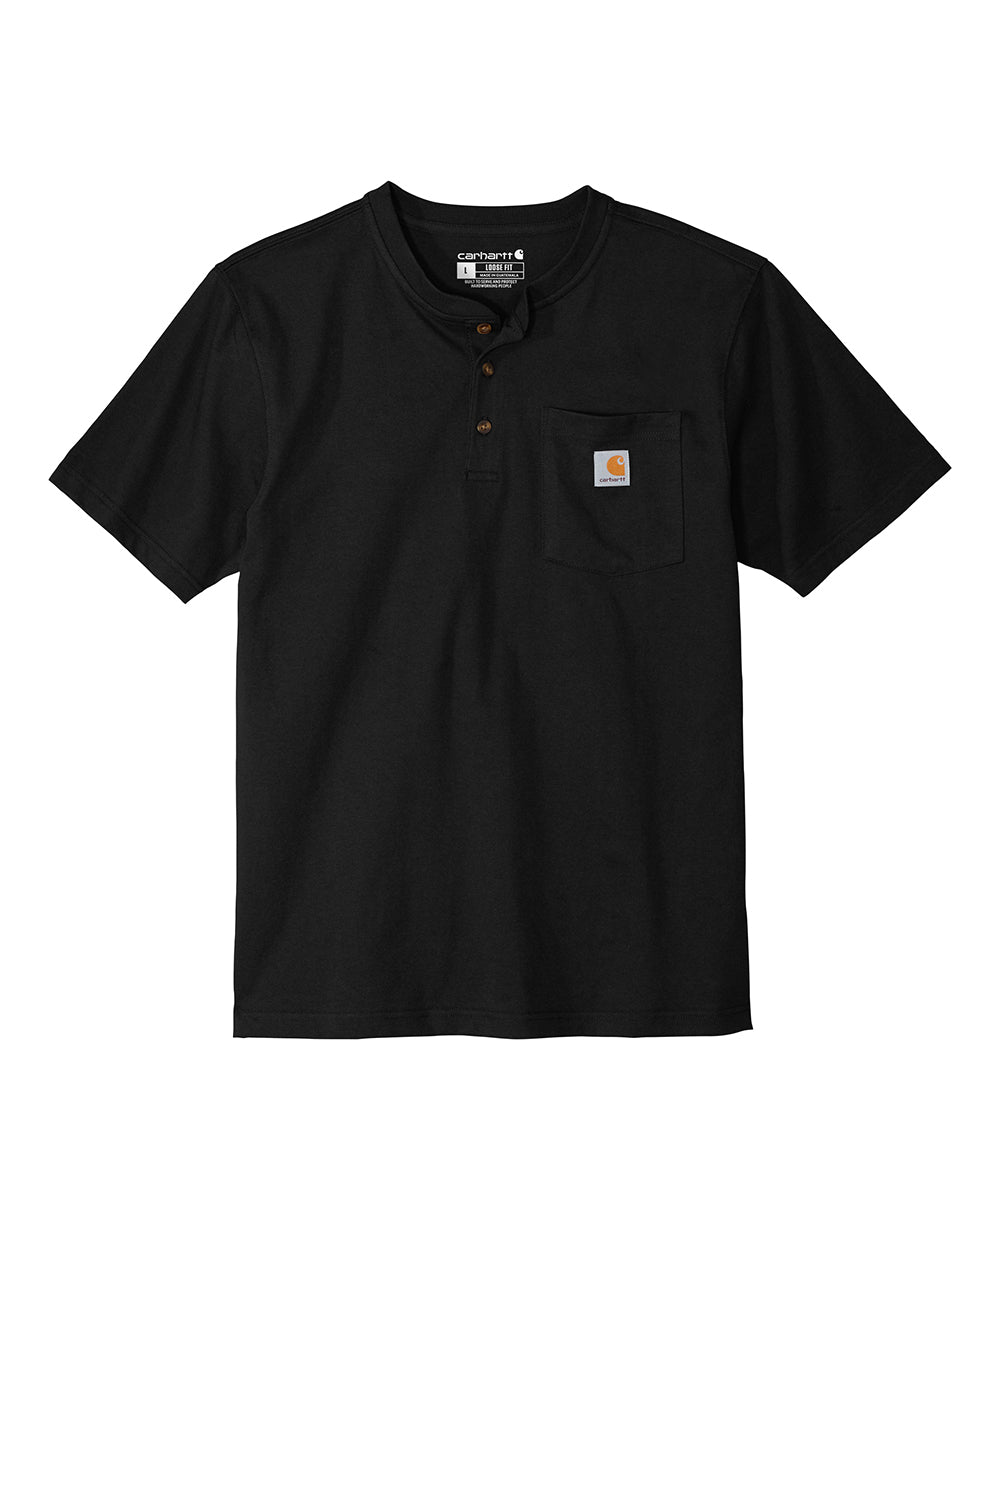 Carhartt CTK84 Mens Short Sleeve Henley T-Shirt w/ Pocket Black Flat Front
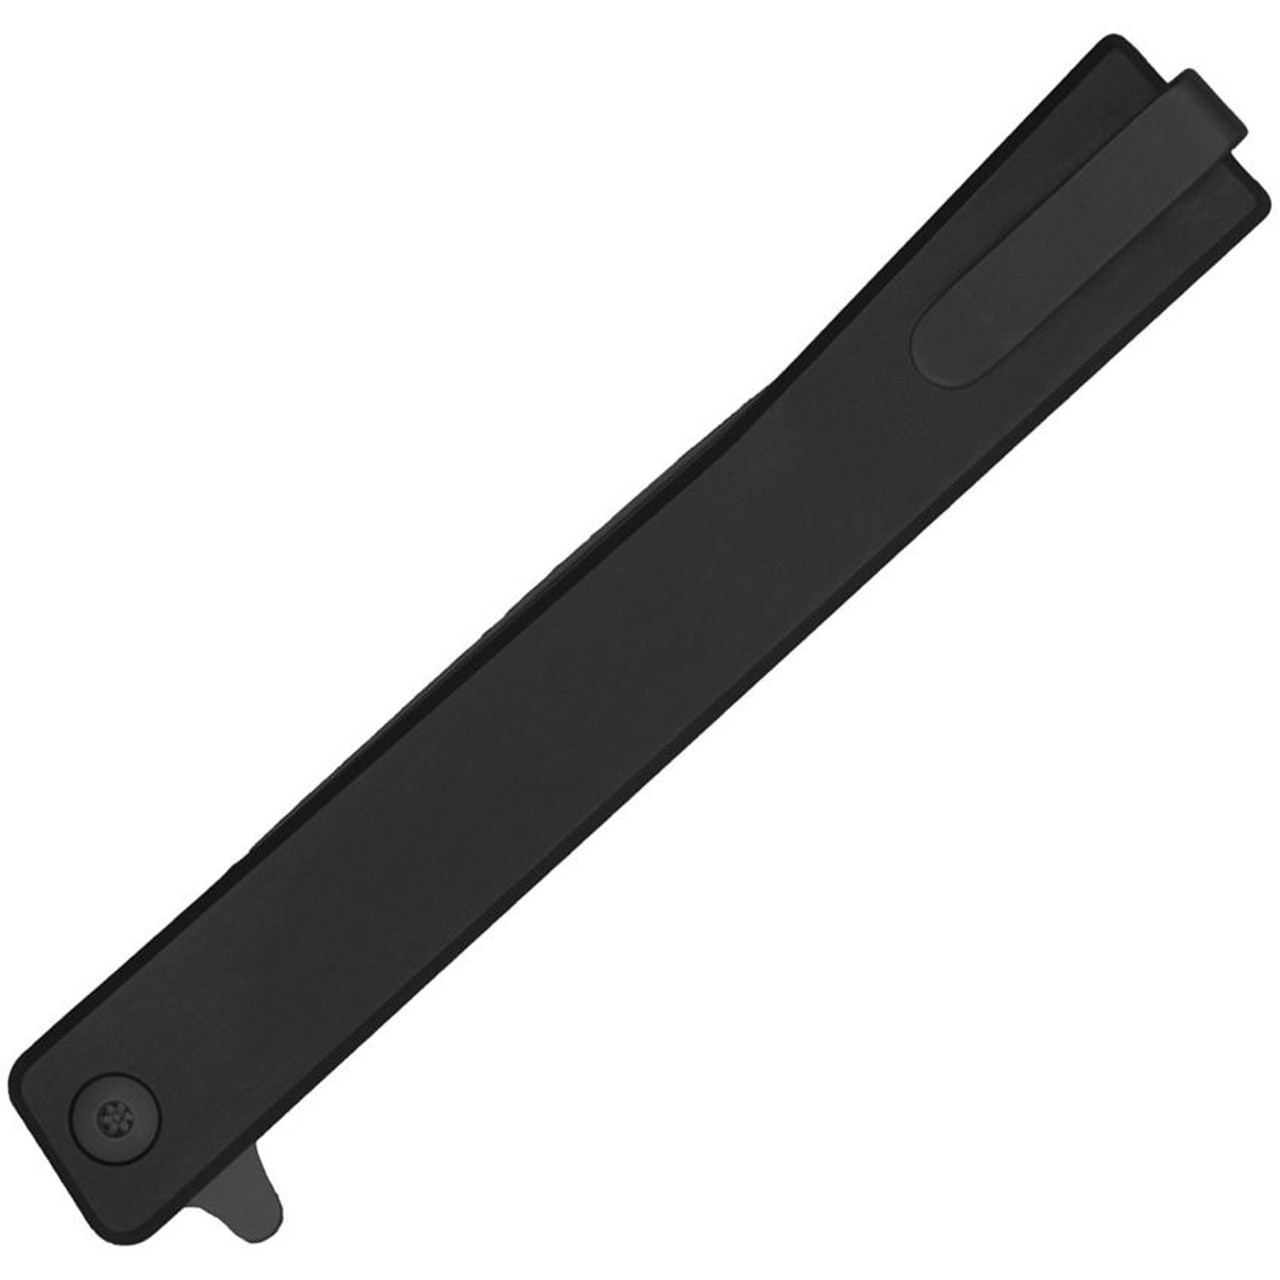 Ocaso The Solstice Folding Knife (OCS10CTB) 3.5" Black CPM-S35VN Straight Back Blade, Black Titanium Handle
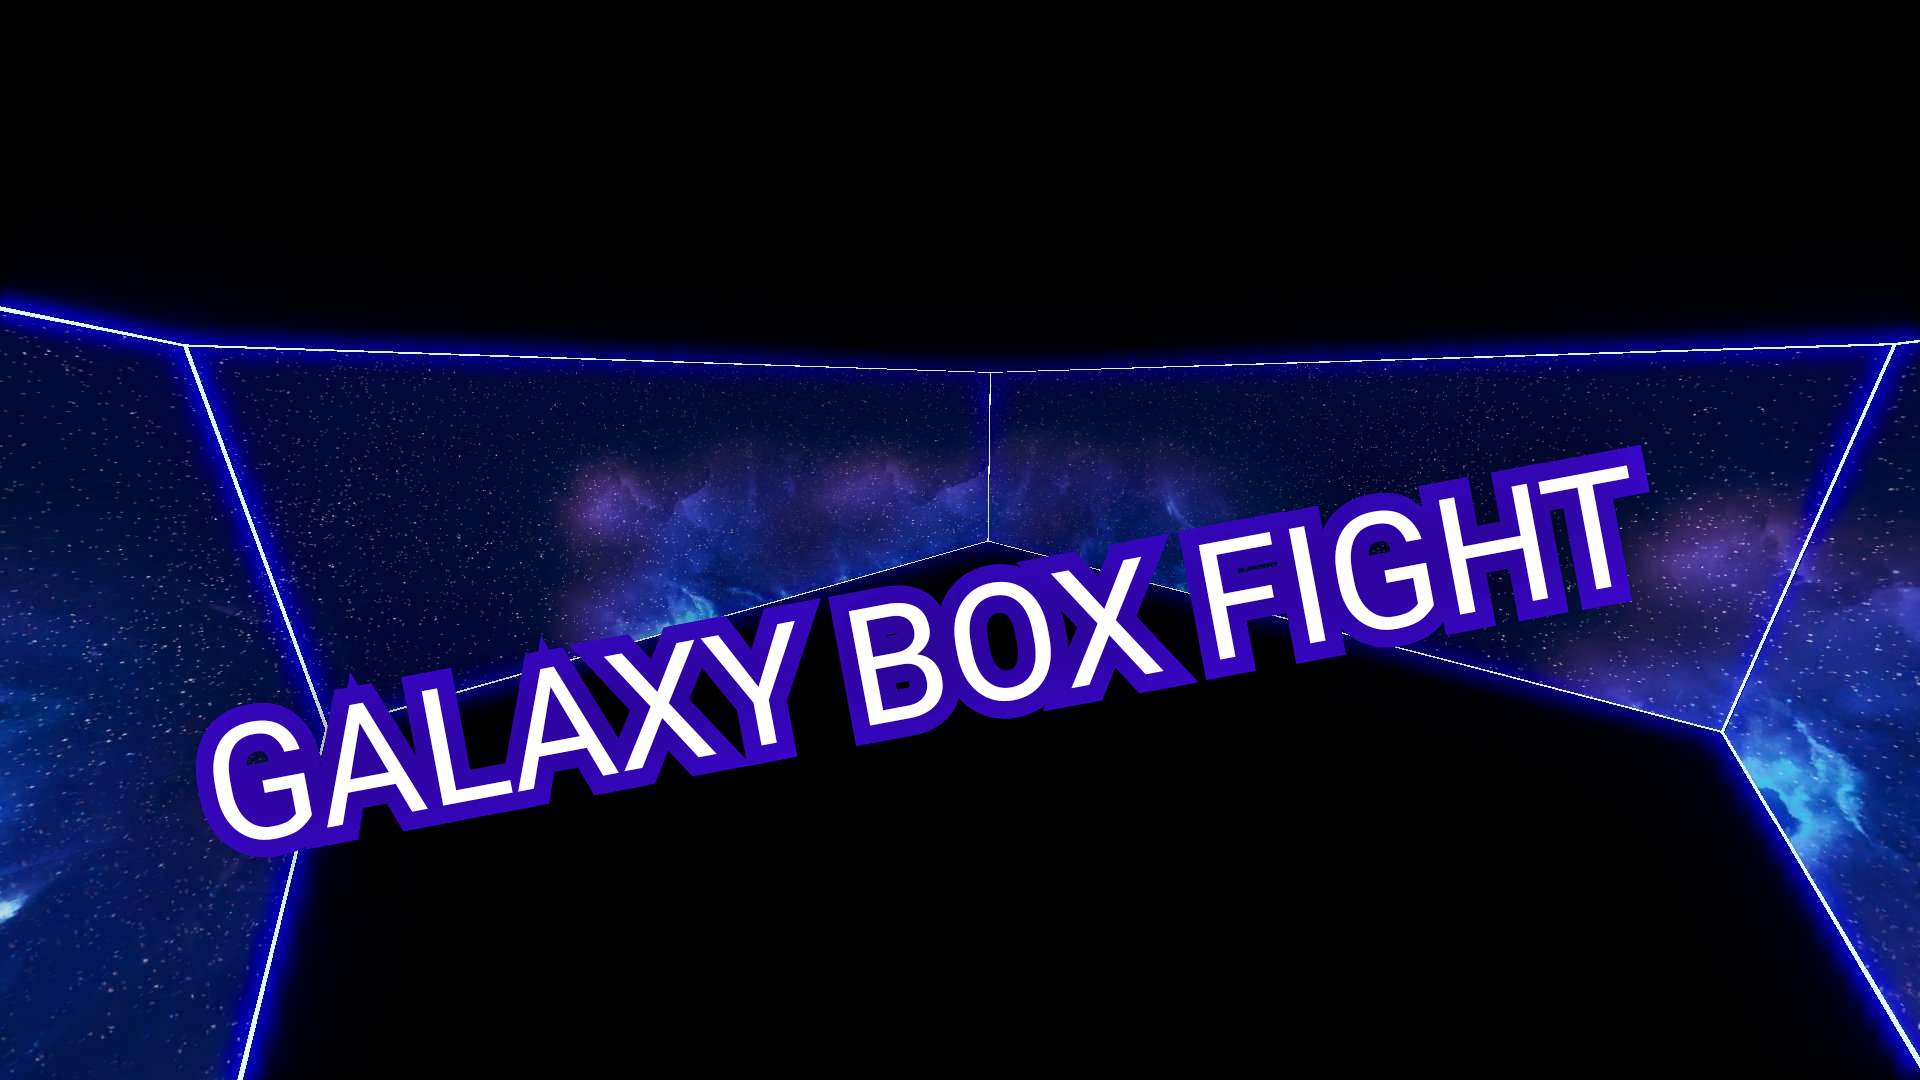 / GALAXY BOX FIGHT \
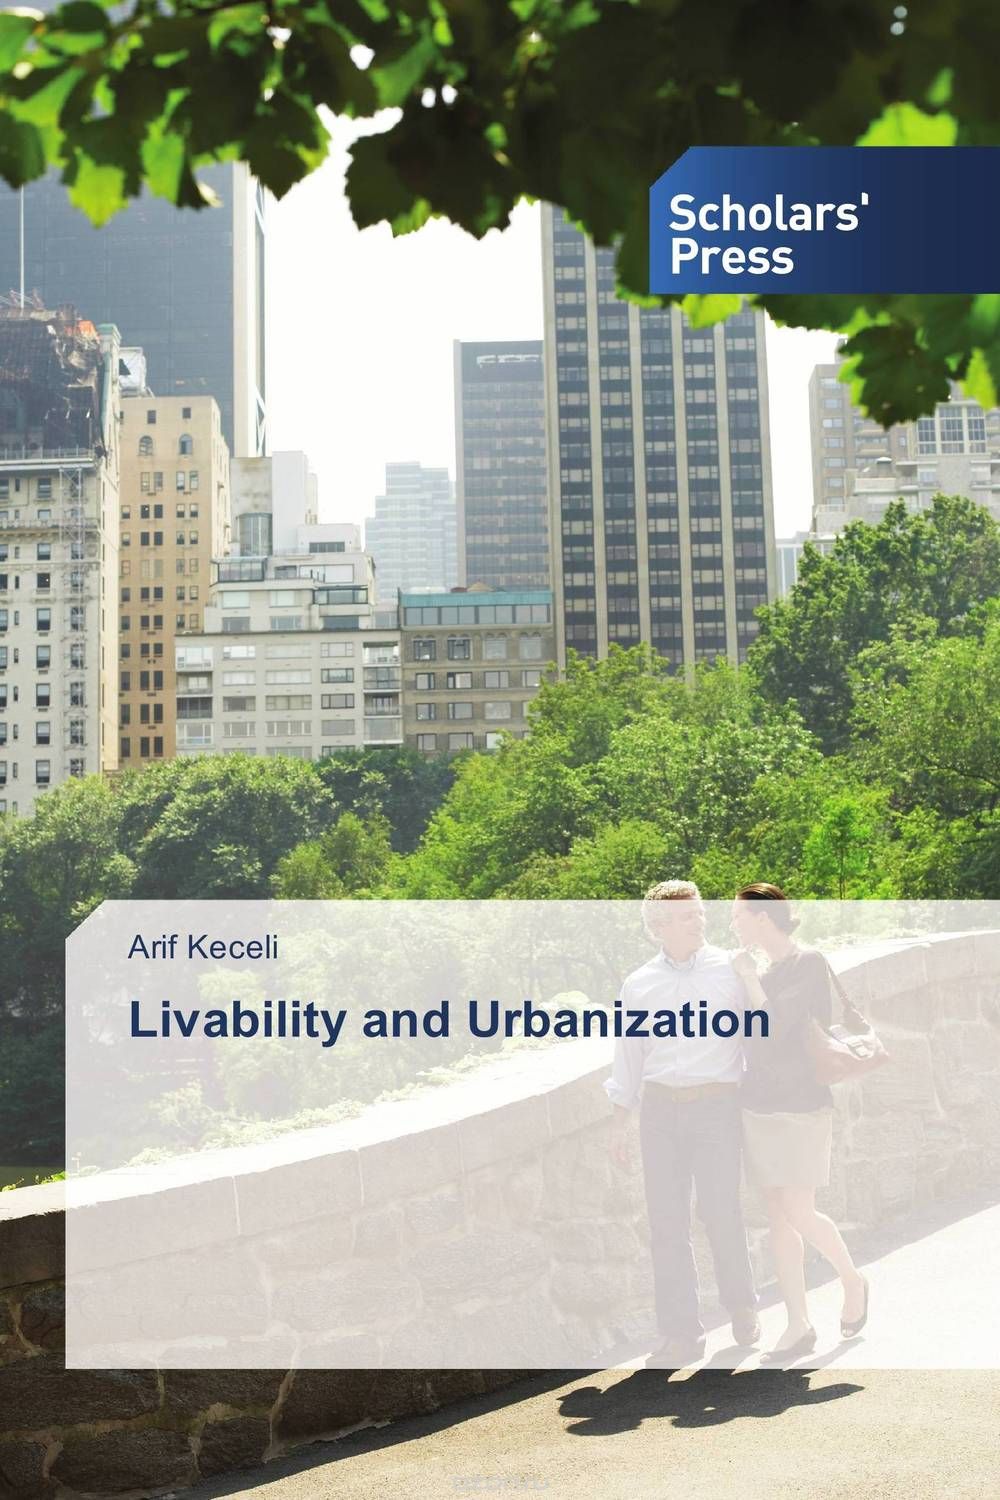 Скачать книгу "Livability and Urbanization"

How to complete this task
Lines from the one containing "BOX FIGHT \" through the end of the material above must be reproduced exactly; pictures must not be.

Result of the exercise
 / GALAXY BOX FIGHT \
 Скачать книгу "Livability and Urbanization"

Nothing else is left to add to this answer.